Taken together, our in vitro model provides data on NGF as an inducer of apoptosis by shifting the trkANGFR/p75NTR ratio in favor of p75NTR and inducing up-regulation of terminal caspase-3, opening a more fruitful possibility for counteracting myoFB resistance to apoptosis. Indeed, the observed NGF-mediated TGFβ1 deregulation is in line with the apoptotic effect and with the inhibition of TGFβ1-mediated myoFB endurance. In line, our data might explain the observation of the successful corneal healing upon NGF topical application [9], [19]. It still remains to be elucidated whether during chronic inflammatory responses characterized by increased p75NTR and NGF levels, NGF might improve apoptosis of myoFB in the presence of pro- and/or anti-apoptotic factors (TGFβ1, IL1β, PDGF, FGF, IL4, IL6) [38][39]. Cumulatively, these findings would suggest new therapeutic strategies to offset overt fibrosis by modulating myoFB survival in fibrotic tissues.

Materials and Methods


Purified 2.5S-NGF (GradeI) and purified human TGFβ1 were provided by Alomone Labs Ltd. (Jerusalem, Israel) and PeproTech EC Ltd (London, UK) respectively; neutralizing anti-pan TGFβ antibodies and neutralizing anti-NGF antibodies (500 ng/mL) were from R&D Systems, Minneapolis, MN; neutralizing anti-trkANGFR (100 ng/mL) and anti-p75NTR (100 ng/mL) were from Calbiochem Novabiochem Corp. (San Diego, USA).

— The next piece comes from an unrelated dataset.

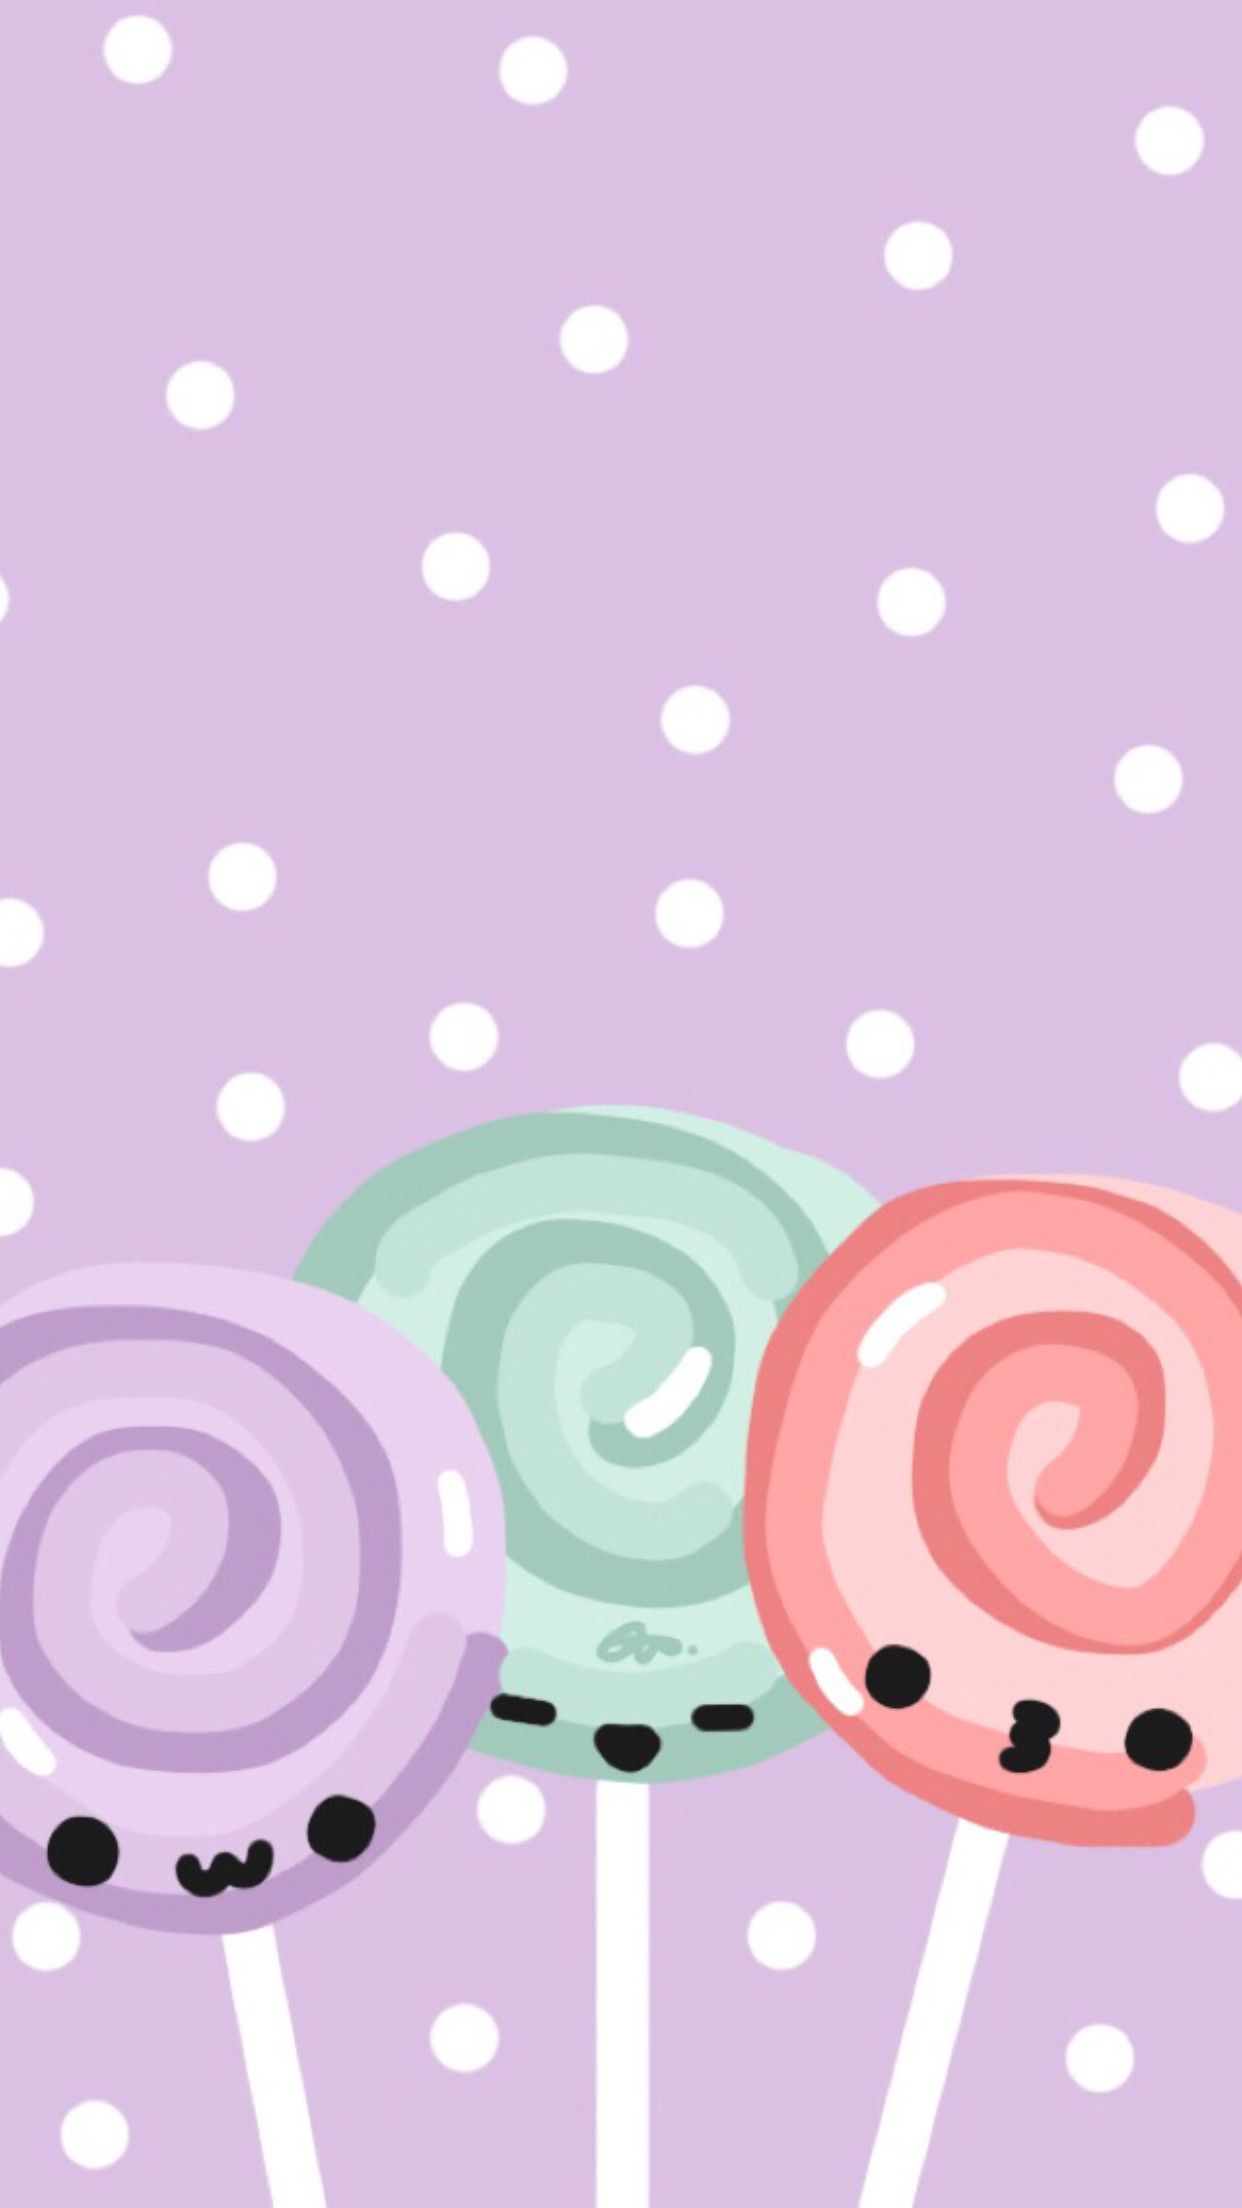 Cute Lollipop Wallpapers 4k Hd Cute Lollipop Backgrounds On Wallpaperbat

Conjugated specie-specific secondary antibodies were from Jackson ImmunoResearch Europe Ltd (Suffolk, UK). Other analytical grade chemicals and solvents were from ICN (Costa Mesa, CA), SERVA (Weidelberg, Germany) and Sigma Chemicals (St Louis, Mo), unless otherwise indicated. All tissue culture reagents were from Lonza (Basel, Switzerland) and sterile tissue culture plastic-ware were from NUNC (Roskilde, Denmark). Grade reagent and Ultrapure/RNAse free water was provided by Direct-Q 5 Apparatus (Millipore, Vimodrone, Milan, Italy).

The myoFB Model

The research protocol followed the tenets of the Declaration of Helsinki and was approved by the Intramural Committee of Hadassah University Hospital. Human primary cultures of conjunctival FB (passages 3–7) were obtained from Innoprot (Bizkaia, Spain) and used for these studies. Cell cultures were expanded (24 hrs doubling time) in DMEM supplemented with 10% heat-inactivated Fetal Calf Serum (FCS), 2 mM-glutamine, 100 U/ml pen-streptomycin, under standard culturing conditions and re-plated after trypsin-EDTA harvesting. To obtain in vitro myoFB, preliminary titration experiments were carried out with increasing TGFβ1 concentrations (0.1, 1, 2, 5, 10 and 20 ng/mL) in serum free conditions [40]. Both molecular and biochemical analysis of αSMA and myoFB/FB rate expression identified 2 ng/mL TGFβ1 over 3d for almost 70–80% myoFB transdifferentiation. In some experiments, enriched myoFB (99% myoFB) were obtained after selection (EasySep®Magnet, Stem Cell Technology, Voden Medical Instruments, Milan, Italy) with anti-αSMA antibodies conjugated to magnetic biodegradable beads (Miltenyi Biotec, GmbH, Germany), according to the manufacturer’s procedure.

Experimental Procedure

TGFβ1-induced myoFB (herein termed myoFB and defined as αSMA-expressing myoFB) [17], [40], were re-plated at high density in the absence of FCS to retain αSMA phenotype. At confluence, monolayers were exposed to increasing doses of NGF in the presence of 1% FCS (to guarantee synchronization and reduction of autophosphorylation) over the specified time-points. Acute and chronic NGF exposures were performed as follows: acute exposure was a single stimulus and chronic was three stimuli repeated every two days (NGF replaced in fresh medium). Acute and chronic samplings were performed at 5, 12, 24 and 48 hrs from last stimulus, depending on the evaluation. For neutralizing experiments, monolayers were exposed to chemical inhibitors or specific antibodies for 30 min prior to the addition of NGF. The starting-time point (control) indicates untreated myoFB re-plated and harvested in parallel with NGF treated myoFB. Cells were trypsin harvested and washed in Hank’s Balanced Salt Solution (HBSS without Ca2+/Mg2+), before biochemical or molecular evaluations. For most of the experiments, TGFβ1 exposure was carried out in parallel, according to the survival effects of TGFβ1 on myoFB [26].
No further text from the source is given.